I have 2 modules A and B after a parent module C.
During loss computation, I simply compute total_loss = loss_A + loss_B
But I get stuck while implementing backward for module C.
I have 2 gradients come from module A and module B, and I have 2 proposals:
sum the 2 gradients
backward module C with 2 gradients individually
Both 2 methods seem to have different downsides.
How would you guys solve this weird condition?
Any comment or direction would be a big help.
Thanks!
Thanks for your reply!
You’re right, my brain must be broken …
But is simply summing the two gradients work in this case?
I mean, in high dimensional space, the 2 gradients may probably point to very different directions, so the resulting direction can be very different to original ones.

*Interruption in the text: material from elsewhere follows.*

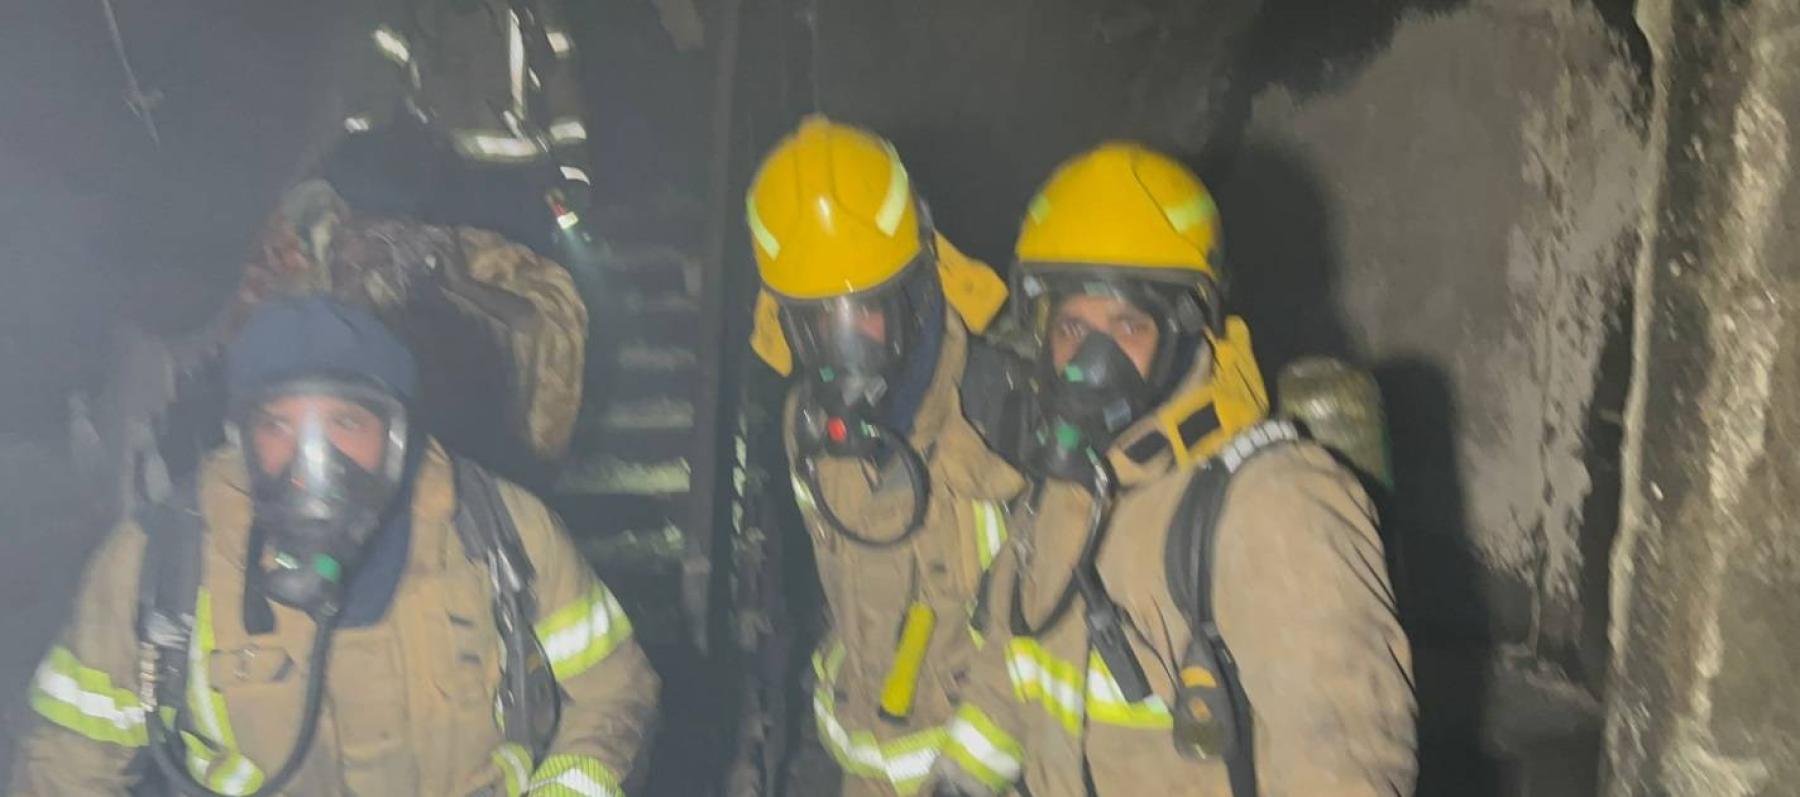 رجال الأطفاء في دولة الكويت أثناء إخماد الحريق ( كونا)

Or am I over-concerning this problem?
import torch
from torch.autograd import Variable
# define initial data
a = Variable(torch.randn(10), requires_grad=True)
# b is the parent module
b = a * 2
# rewrap variable to have manual history management here
b_ = Variable(b.data, requires_grad=True)
c = b_ * b_
d = b_ * 4
e = c + d
# do backward in combined way
e.backward(torch.ones(e.size()))
b.backward(b_.grad)
agrad_combined = a.grad.data.clone()
# now reset a's grad
# reset a's grad
a.grad.data.zero_()
# let's do separate way
b = a * 2
b_ = Variable(b.data, requires_grad=True)
c = b_ * b_
d = b_ * 4
c.backward(torch.ones(c.size()))
b.backward(b_.grad)
b_.grad.data.zero_()
d.backward(torch.ones(d.size()))
b.backward(b_.grad)
agrad_separate = a.grad.data.clone()
# print difference between combined method and separate method
print(agrad_combined - agrad_separate)